Object segmentation is a widely studied topic in digital image processing, as to it can be used for countless applications in several fields. This process is traditionally achieved by computing an optimal threshold from the image intensity histogram. Several algorithms have been proposed to find this threshold based on different statistical principles. However, the results generated via these algorithms contradict one another due to the many variables that can disturb an image. An accepted strategy to achieve the optimal histogram threshold, to distinguish between the object and the background, is to estimate two data distributions and find their intersection. This work proposes a strategy based on the Cuckoo Search Algorithm (CSA) and the Generalized Gaussian (GG) distribution to assess the optimal threshold.

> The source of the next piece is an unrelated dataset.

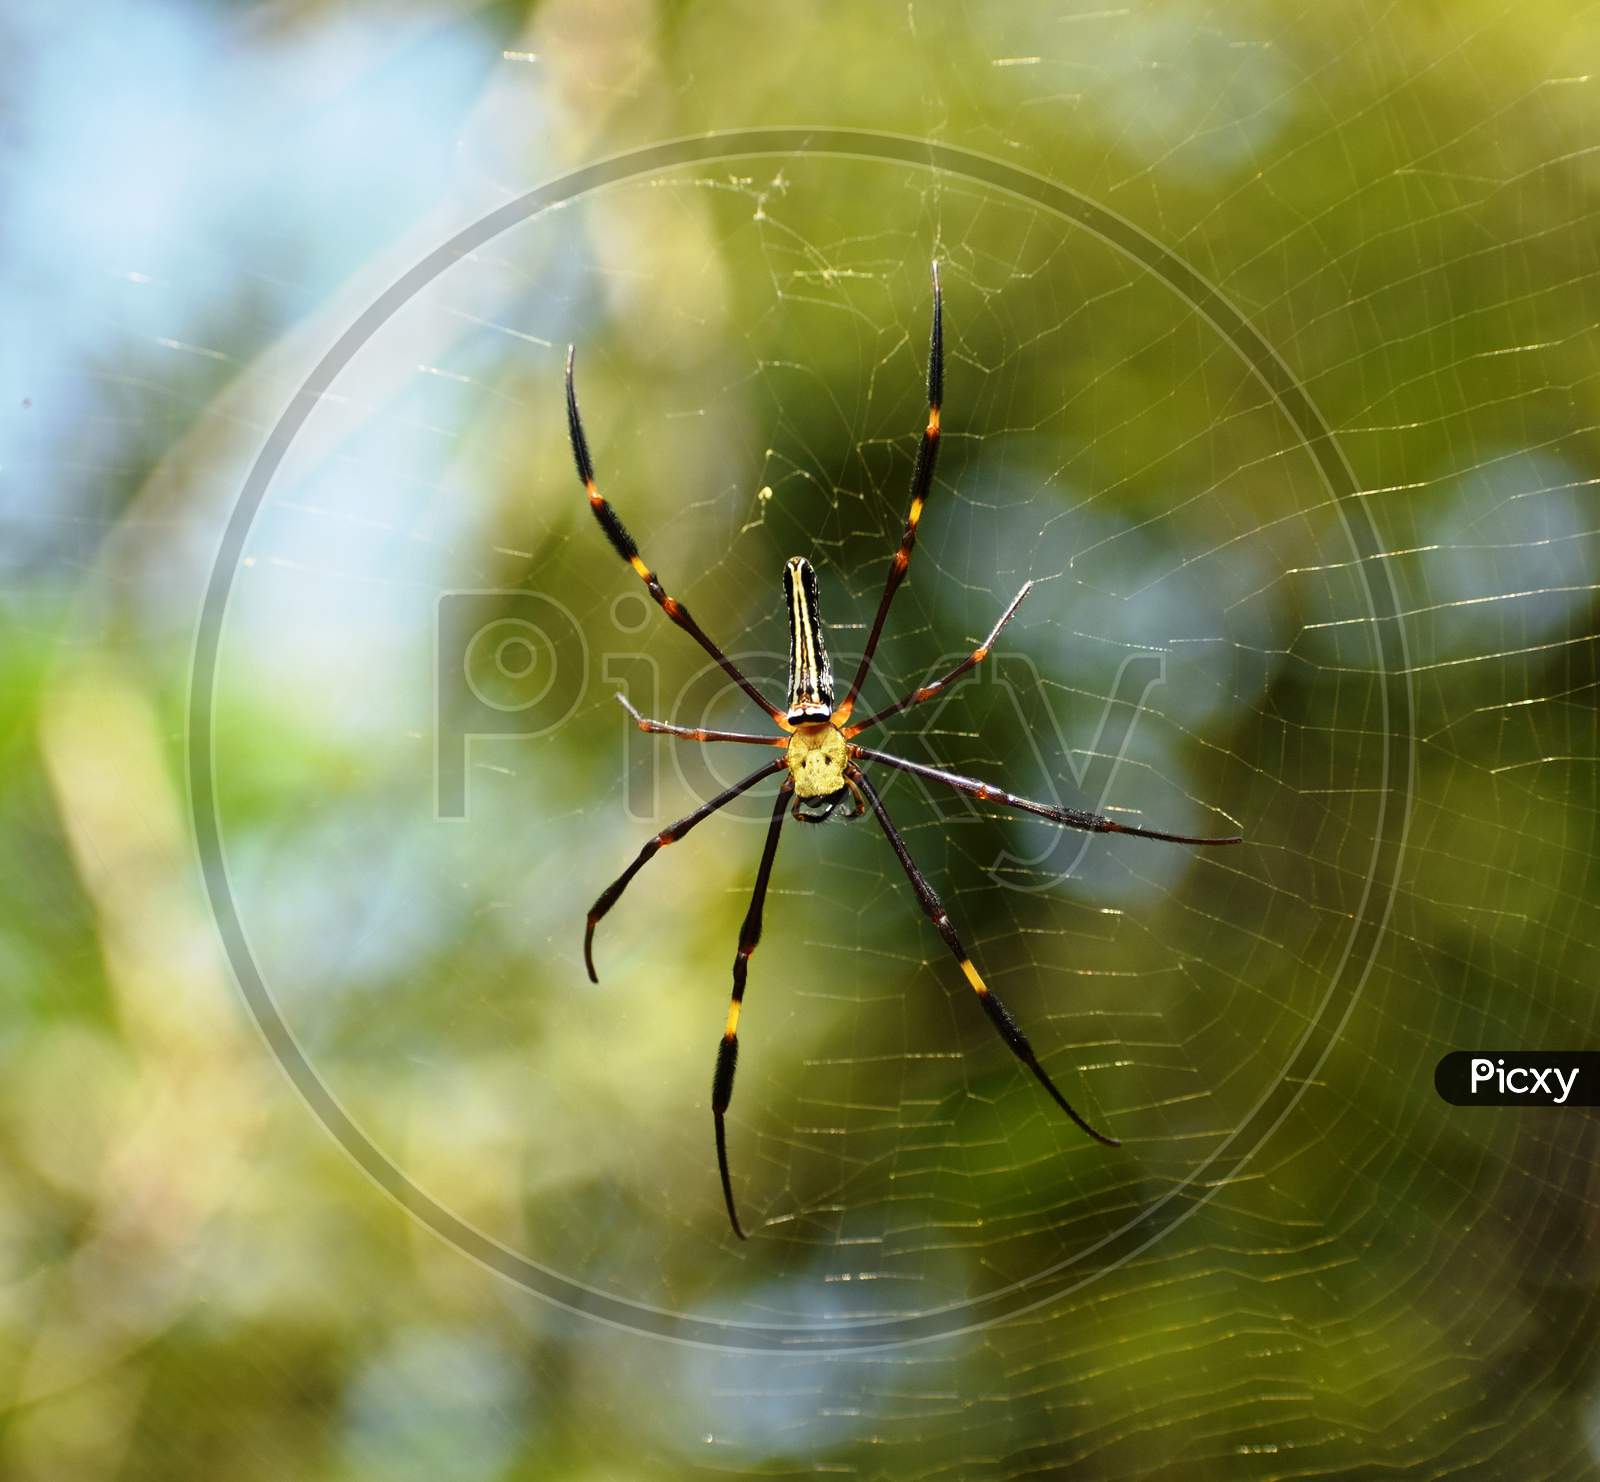 Golden silk orb-weaver or Nephila spider with the web. webs

To test this methodology, we carried out several experiments in synthetic and practical scenarios and compared our results against other well-known algorithms from the literature. These practical cases comprise a medical image database and our own generated database. The results in a simulated environment show an evident advantage of the proposed strategy against other algorithms. In a real environment, this ranks among the best algorithms, making it a reliable alternative.

Suggested Citation

  • Jorge Munoz-Minjares & Osbaldo Vite-Chavez & Jorge Flores-Troncoso & Jorge M. Cruz-Duarte, 2021. "Alternative Thresholding Technique for Image Segmentation Based on Cuckoo Search and Generalized Gaussians," Mathematics, MDPI, vol. 9(18), pages 1-19, September.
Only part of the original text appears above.